Initially, it would appear that consumers would flock to the new model, embracing the opportunity to shop from the comfort of their living room. Further, direct delivery from manufacturers would cut out “middlemen” costs, letting manufacturers offer competitive pricing to consumers. Think about what the Internet did to travel agents—online search engines that can instantly locate available flights and the lowest fares were linked to e-commerce-enabled websites that can book flights and generate tickets or electronic ticket surrogates (e-tickets). As airlines increasingly deal directly with passengers, agency commissions have been slashed from an initial level of 10% to the smaller of 10% or a cap of $50, then to 8% or $50, and then to 8% or $35.

But bypassing a distribution channel isn’t always so simple, says Clemons.

“Unlike a category like e-ticketing for air travel, physical products like groceries must actually be delivered, generally at a time and place convenient for the consumer, and often quite rapidly and with careful control of temperature and other conditions during shipment,” he notes. “Thus, for packaged goods, there will be a real and significant fixed cost per delivery. Without a sufficient number of products to offer economies of scope, distribution costs will be extraordinarily high and will reduce or eliminate consumer adoption of this new channel unless the channel operator is willing to sustain large losses by subsidizing logistics.”

During this period, traditional retailers will undoubtedly retain both considerable market share and the ability to punish the first manufacturer in any category that attempts to implement a bypass strategy.
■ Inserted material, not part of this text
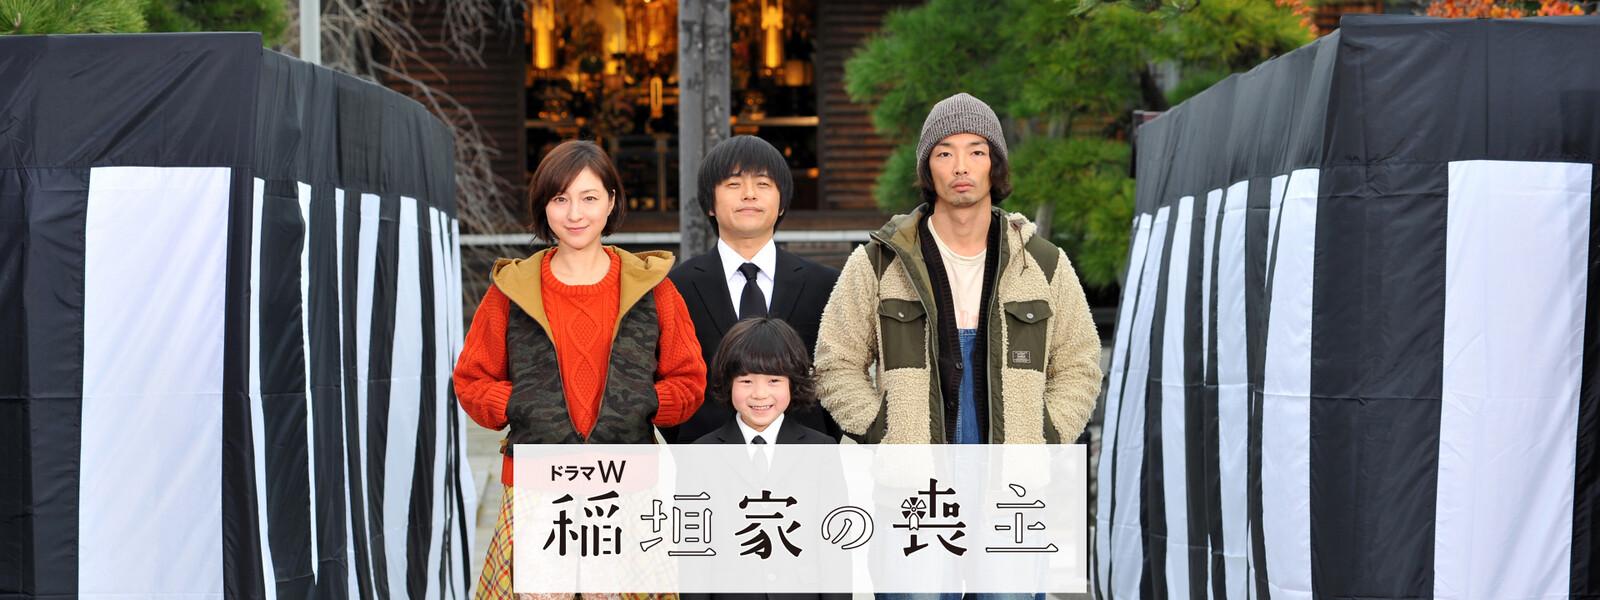 ドラマW 稲垣家の喪主の動画 - 連続ドラマW バイバイ、ブラックバード

This punishment on the part of retailers could include such actions as withholding product promotions, reducing shelf space, and increasing store-level margins (ultimately charging consumers a higher price) on brands from manufacturers that they consider to be hostile to their own best interests as retailers.

Similar analysis probably explains what actually occurred when the first online brokers began operations, says Clemons.

“The first Internet-based traders were discount brokers like Charles Schwab and online entrants like E-Trade,” says Clemons. “This was no coincidence. Full service houses like Merrill Lynch and Salomon Smith Barney hesitated for fear of alienating their account executives and financial consultants, who might have left the firm, taking clients with them. But when Schwab, E-Trade and other online brokers made inroads, the major ones had to develop their own online systems and could more easily justify this development to their personnel.”

As with online trading, it appears inevitable that alternative electronic distribution will gain ground in a variety of categories. Some, like air travel and e-ticketing, already have seen significant impact from electronic bypass; others, like grocery retailing, will take much, much longer. While Clemons’ initial studies were drawn from contrasting air travel with grocery distribution, “the principles apply equally well to insurance agencies considering a move to alternative electronic distribution, or to the manufacturers of consumer durables like digital cameras that are considering direct distribution via the Internet,” he says. His group’s most recent studies have examined the electronic distribution of purely digital goods, such as music and news stories, and considered the change in strength of top recording artists (considerable gains) and top reporters (far more limited).

One thing is certain. An enterprise that does not take the time to consider its vulnerabilities and opportunities in the e-commerce arena stands a good chance of being surpassed by ones that do, either because it missed opportunities it should have seized, or, perhaps more likely, because it attempted to seize opportunities that did not yet exist.